◆ WORK REQUEST
Whenever an image turns up, omit it and return the remaining data exactly.
*** EXERCISE DATA Section Begins ***
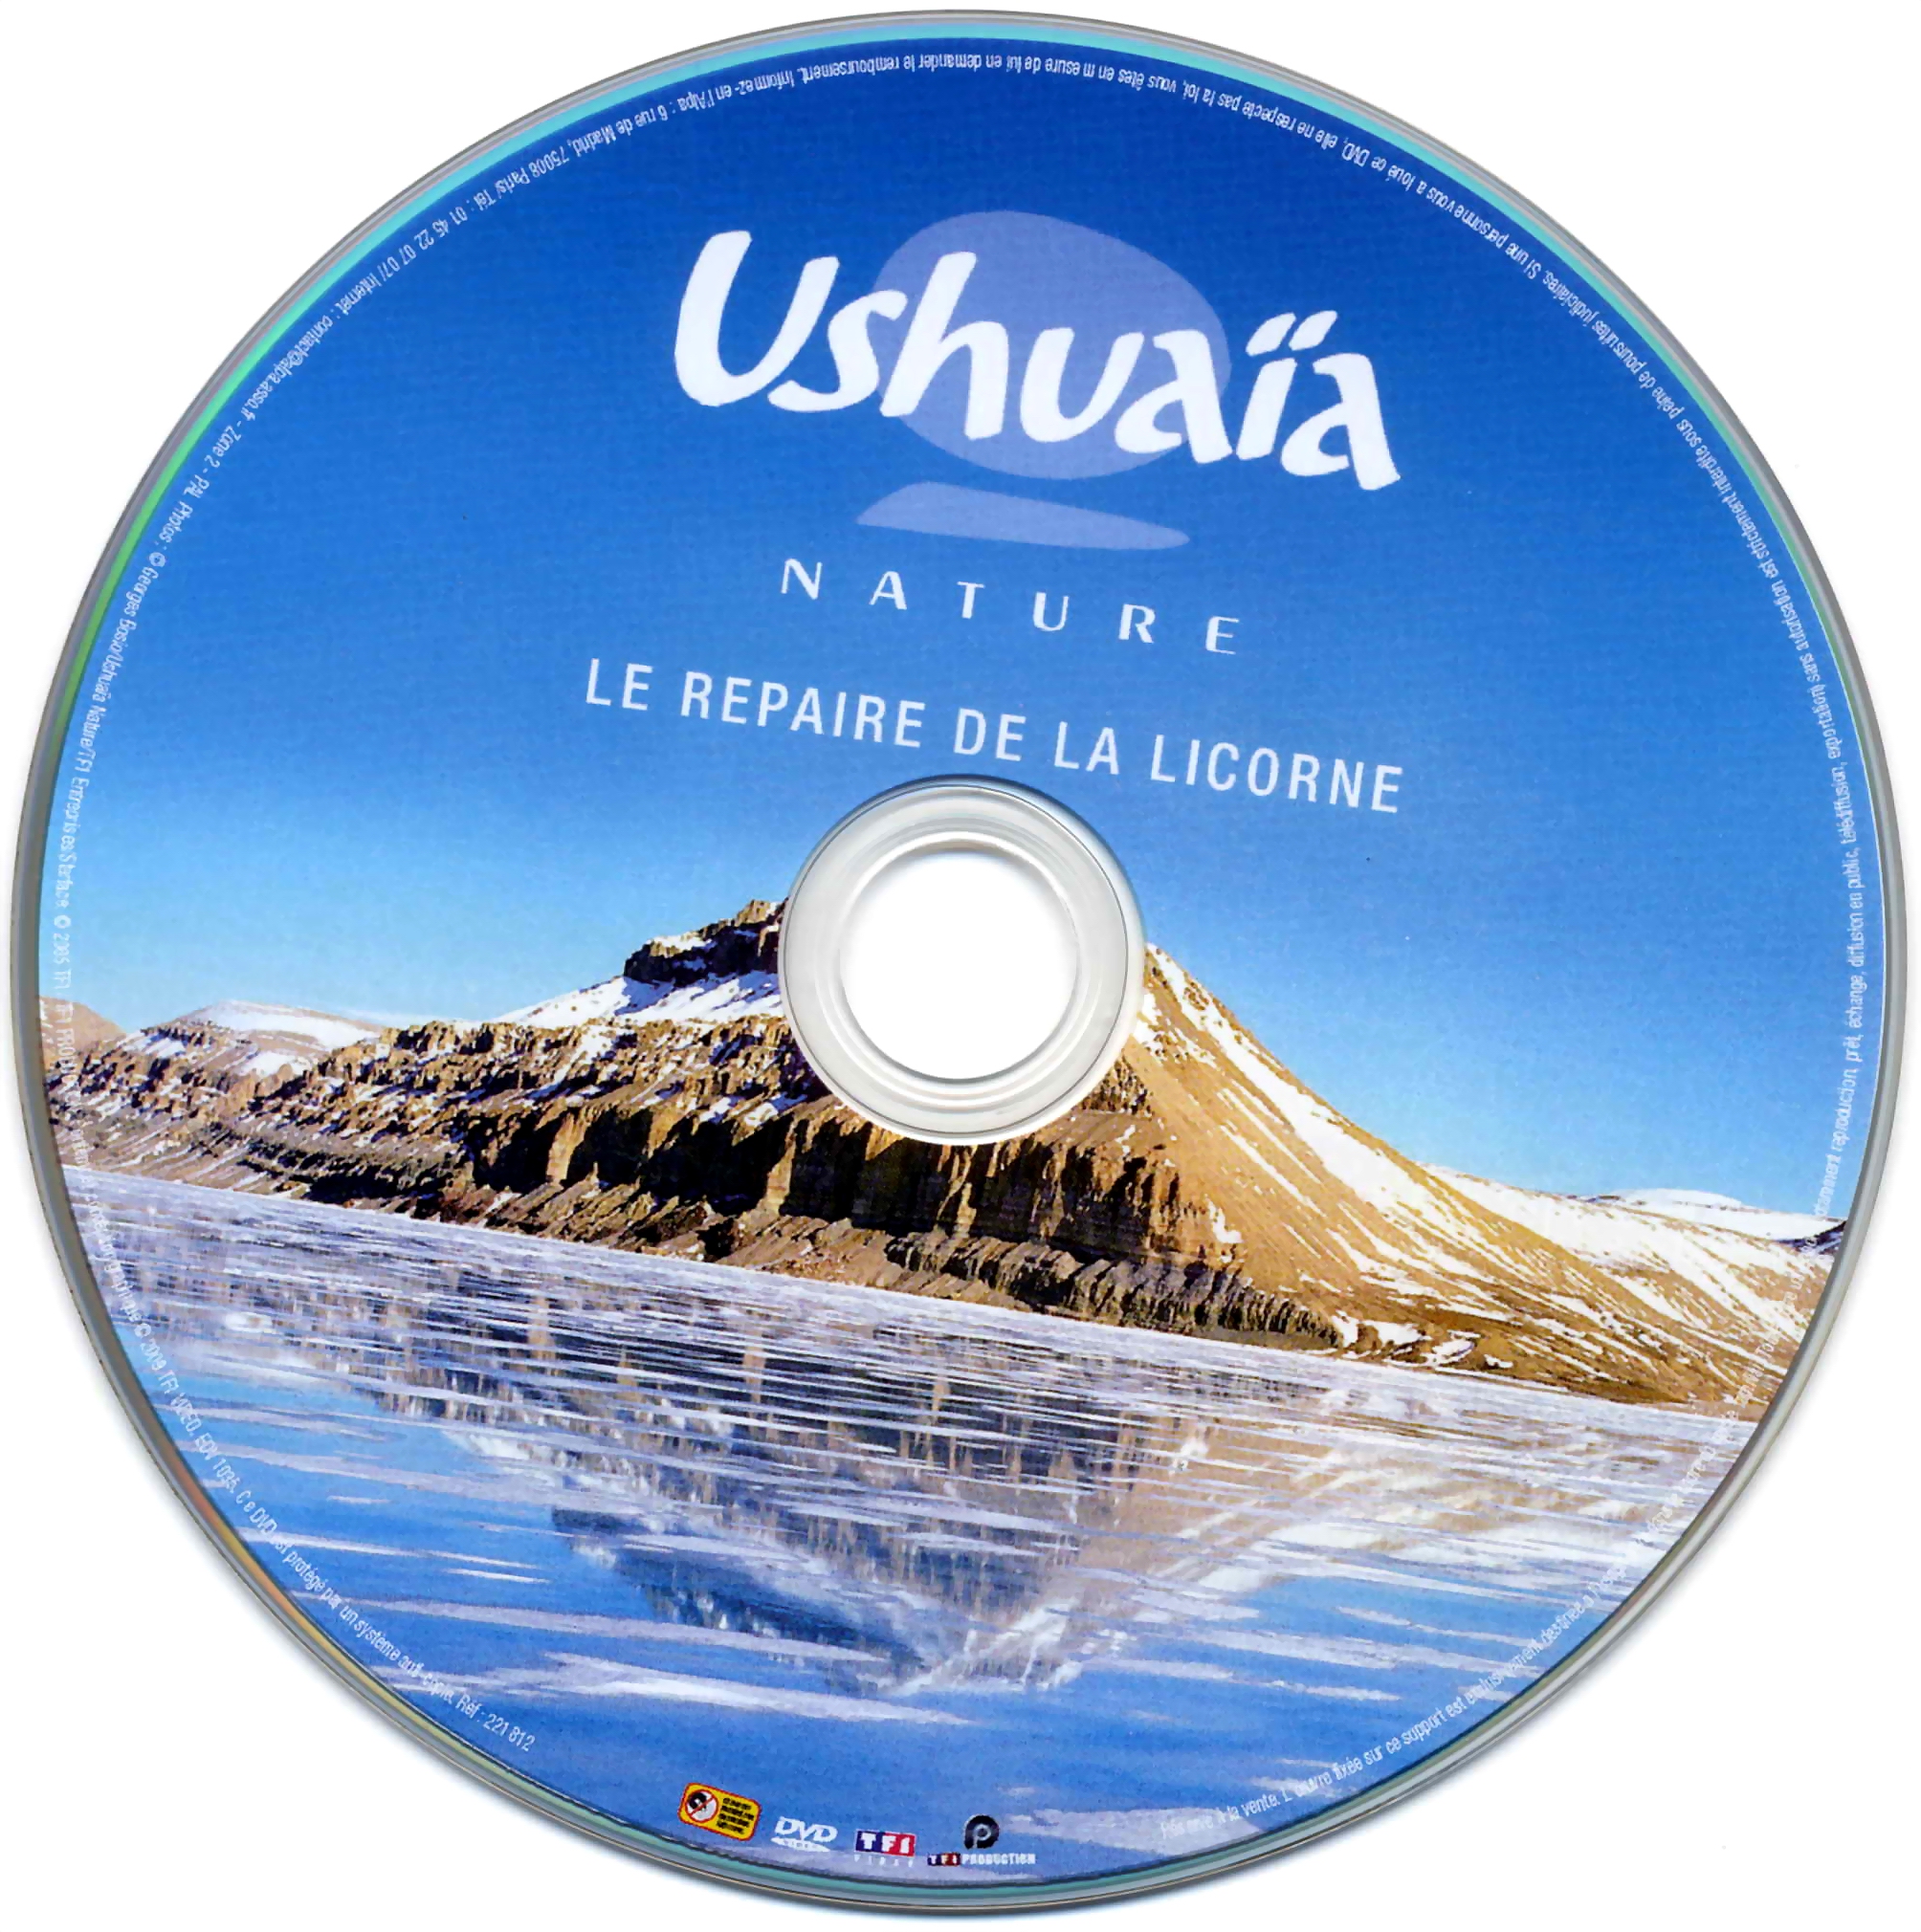 Ushuaia Nature - Le repaire de la Licorne
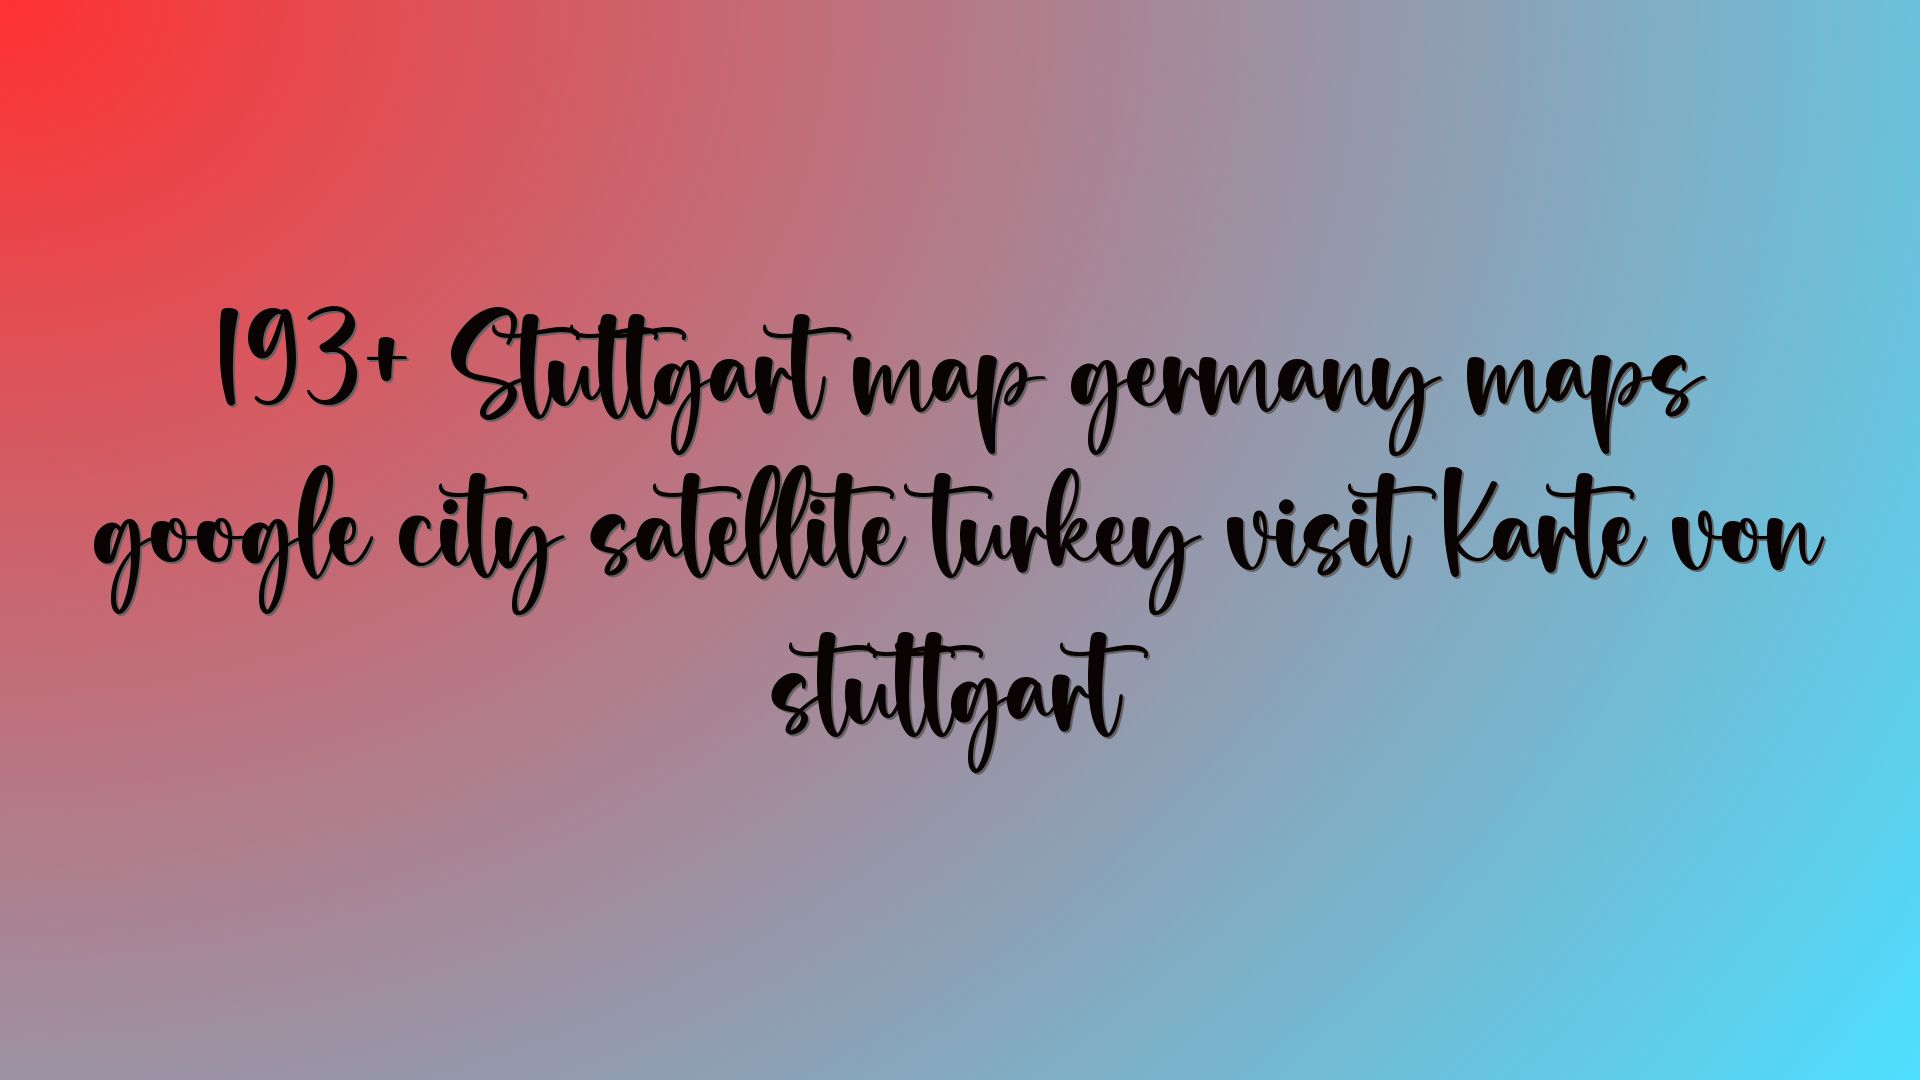 193+ Stuttgart map germany maps google city satellite turkey visit Karte von stuttgart
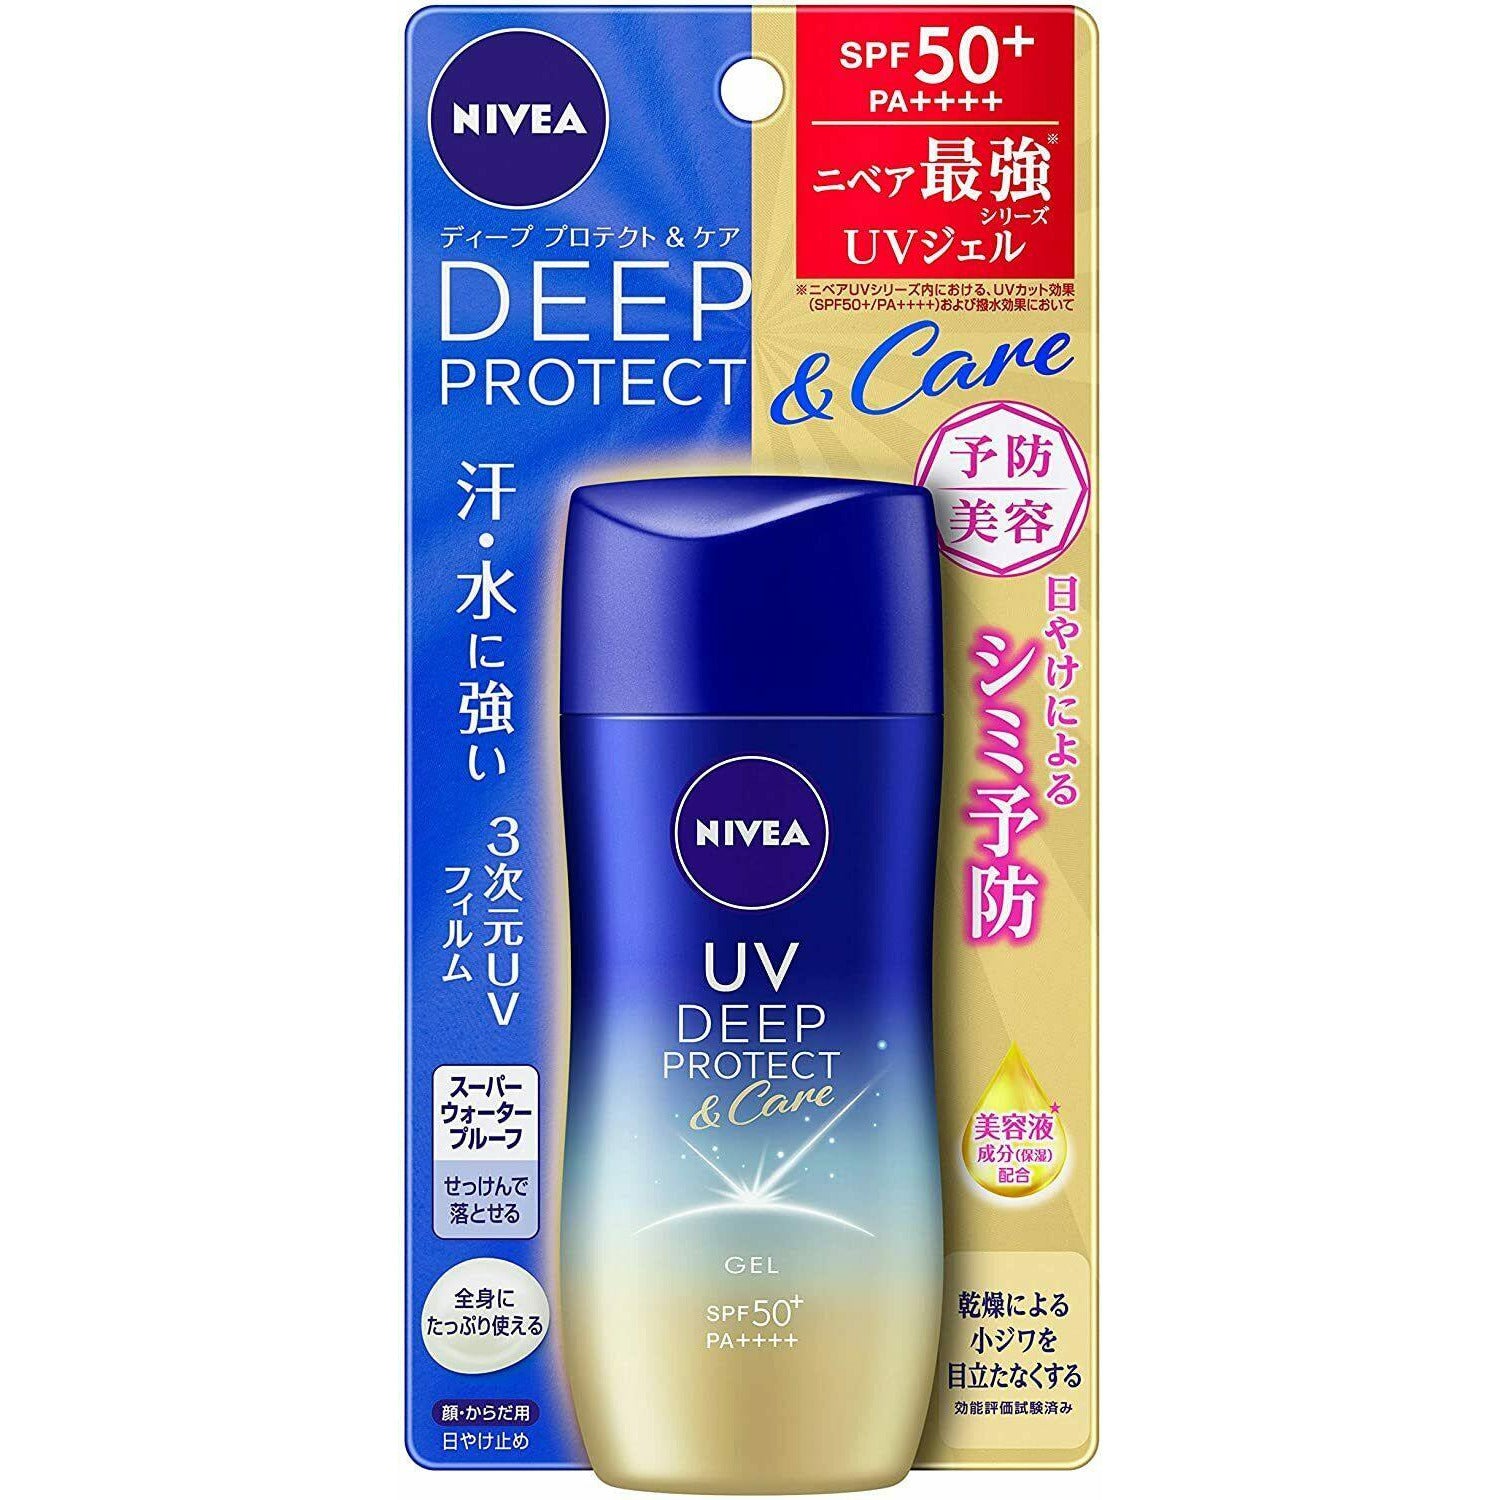 2021 NIVEA UV Deep Protect & Care Gel 80ml SUNSCREEN SPF50+/PA++++ Japan
*** EXERCISE DATA Section Ends ***
◆ SOLUTION
 Ushuaia Nature - Le repaire de la Licorne
 193+ Stuttgart map germany maps google city satellite turkey visit Karte von stuttgart
 2021 NIVEA UV Deep Protect & Care Gel 80ml SUNSCREEN SPF50+/PA++++ Japan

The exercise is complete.